While I was in the cab on my way home, as the cab stopped at a traffic light, a young man thrust a bunch of these flowers into my face and insisted I do my good deed for the day and buy the bunch from him for INR 100. I pulled out a twenty and he gave me two flowers. They made for some pretty co-passengers.

I was terribly homesick when I left home to go to college. I was homesick through my first job and till the time I fell in love with work that occupied all my mind, so I could hardly breathe let alone moon about home.

My concept of home has changed frequently over the years. First, it stopped at the home my parents have built for my brother and me. ‘Home’ then expanded to the house I lived in with my flatmate. She became home so wherever we went became home.
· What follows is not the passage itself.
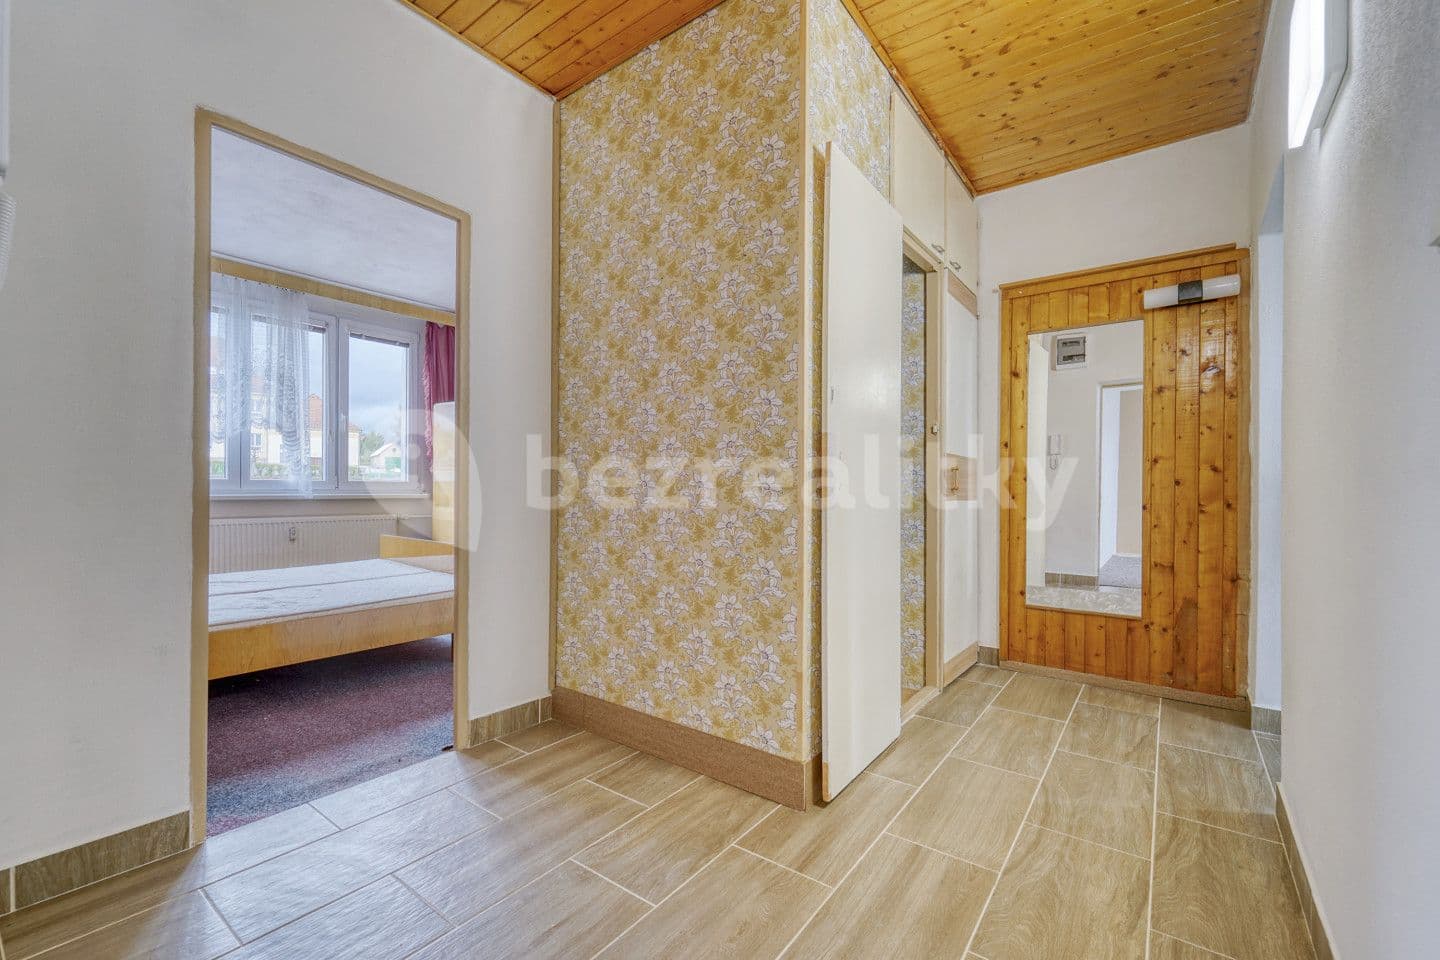 3 bedroom flat for sale, 64 m², Na Sídlišti, Bezdružice, Plzeňský Region

With time, I stared associating the sense of nostalgic familiarity as home. Home was the favourite fragrance that always hinted at the smell of freshly cut grass in the bright light of a sunny day. Home grew to mean the song that reminded me of my dear friend’s wedding, because the memory of my friend’s happiness rinsed the rigours of the day. The whiff of humid air that plastered the face with the slickness of sweat as soon as I stepped out of the plane into Bombay was home. Home was a fluffy poodle emoji that signalled everything was healthy in a particular relationship, the safe haven of the emergency contact, the quiet knowledge that someone you trusted with all your heart existed in your world and chose to look out for you, through it all.

Home soon crystallized from all that was familiar to all that felt familiar. A cloud of longing for things as basic as a bookcase filled with beloved titles, the coldness of winter and the feeling of camaraderie to the notion of Paris and New York, the grandeur of Delhi, the time warp that is Calcutta, the organization of Chandigarh, the mystical charm of Jodhpur, the sacredness of Varanasi and all the tiny lines that speedily etched themselves on my brain as I saw more of the world, saw more in the world and saw myself for who I was, stripped of all the of all the pretence.

As I sat in the museum today while the class studied Raja Ravi Verma (he is so one dimension, he deserves a non blog post), I found myself thinking about home again.

Home is where the dendrites communicate with each other over synaptic lapses when I learn something new. Home is a chemical interaction. Home is only in my head.